2. Aktif berpartisipasi dalam kegiatan sosial dengan cara yang positif. Dia harus
bisa tersenyum dalam menghadapi kritik pahit pada pendapatnya, dan tidak
harus merasa malu atau terhina untuk menerima kesalahannya sepenuh hati.
3. Aktif dalam kegiatan pengajian/majlis ta’lim tingkat pemuda, bahkan jika
memungkinkan menjadi imam dan tutor dalam pengajian tersebut.

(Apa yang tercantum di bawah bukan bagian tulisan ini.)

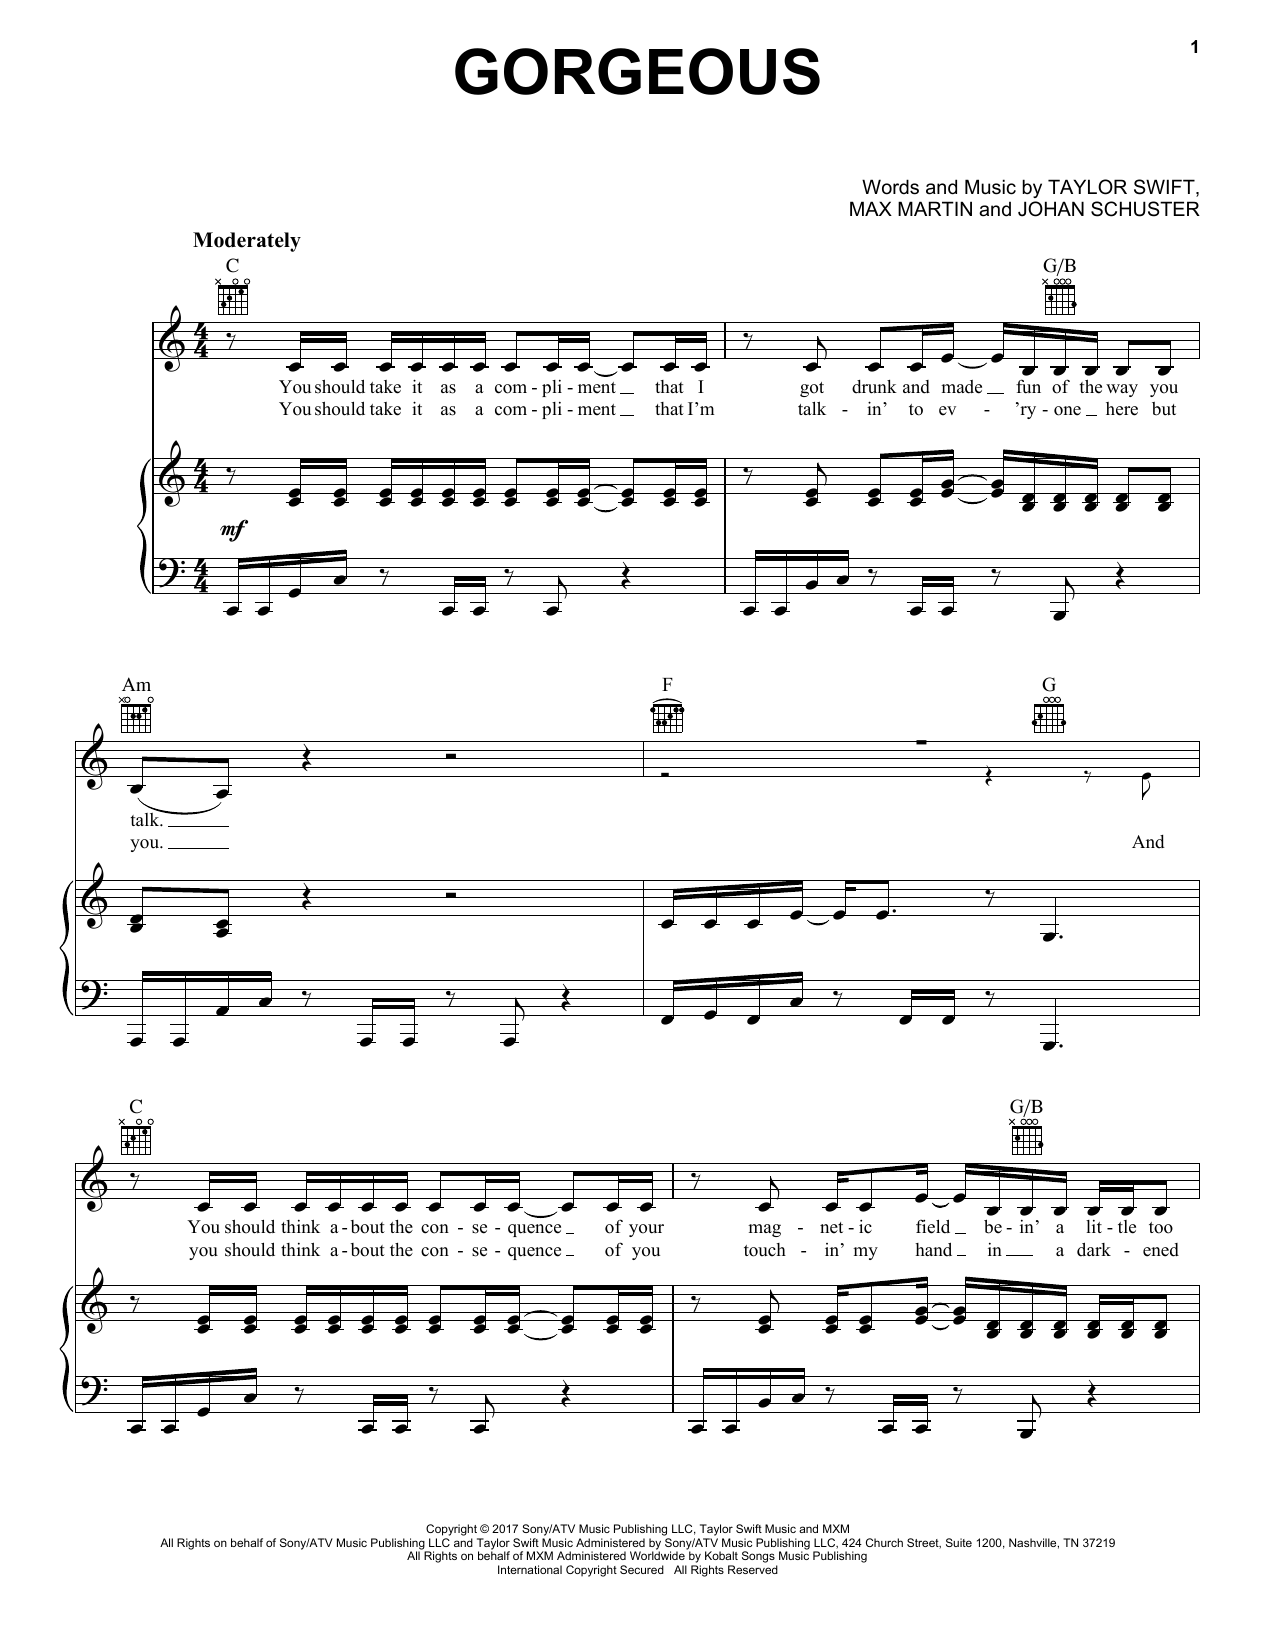 Taylor Swift Gorgeous Sheet Music Notes & Chords for Lyrics & Chords - Download or Print PDF

4. Aktif dalam kegiatan seni, yang biasanya pemuda lebih menyukai bidang ini,
apabila guru masuk dan diterima maka guru akan sangat mudah sekali untuk
mewarnai hidup generasi muda kepada hal-hal positif. Memberikan
pemahaman tentang toleransi.
5. Aktif dalam kegiatan olahraga, dengan membentuk club-club, baik futsal,
badminton, voly ball dan lainnya, pada kegiatan inilah guru akan berperan
untuk merubah, emosional/amarah (temparamental) generasi muda yang
sedang tinggi-tingginya untuk menjadi lebih arif, bijak, sabar, berpikir
kedepan, untuk mengendalikan amarahnya, sehingga pada saat dilakukan
pertandingan persahabatan antar club tidak terjadi keributan atau tawuran,
baik antar pemain maupun supporter.
Jika kedua hal tersebut di atas, yakni peran guru sebagai agen perubahan di
sekolah dan dilingkungannya dapat dipahami oleh semua guru, maka akan terbentuk
generasi muda yang cerdas, tidak mudah terprovokasi, visioner, dan memahami
toleransi. Akhirnya dari semua usaha yang telah dilaksanakan oleh seorang guru,
hendaklah ia menyerahkan segala usahanya dengan “mendo’akan” anak didiknya.
Dengan do’alah semua hijab akan terbuka, semua keinginan akan terkabul, semoga
generasi muda kita akan terlahir sebagai generasi yang : (SD) siap disiplin, (SMP)
siap menjadi panutan, (SMK) Santun mandiri kreatif, (SMA) siap melanjutkan
amanah. Yakin usaha bisa. Wallahu a’lamu bishawwab.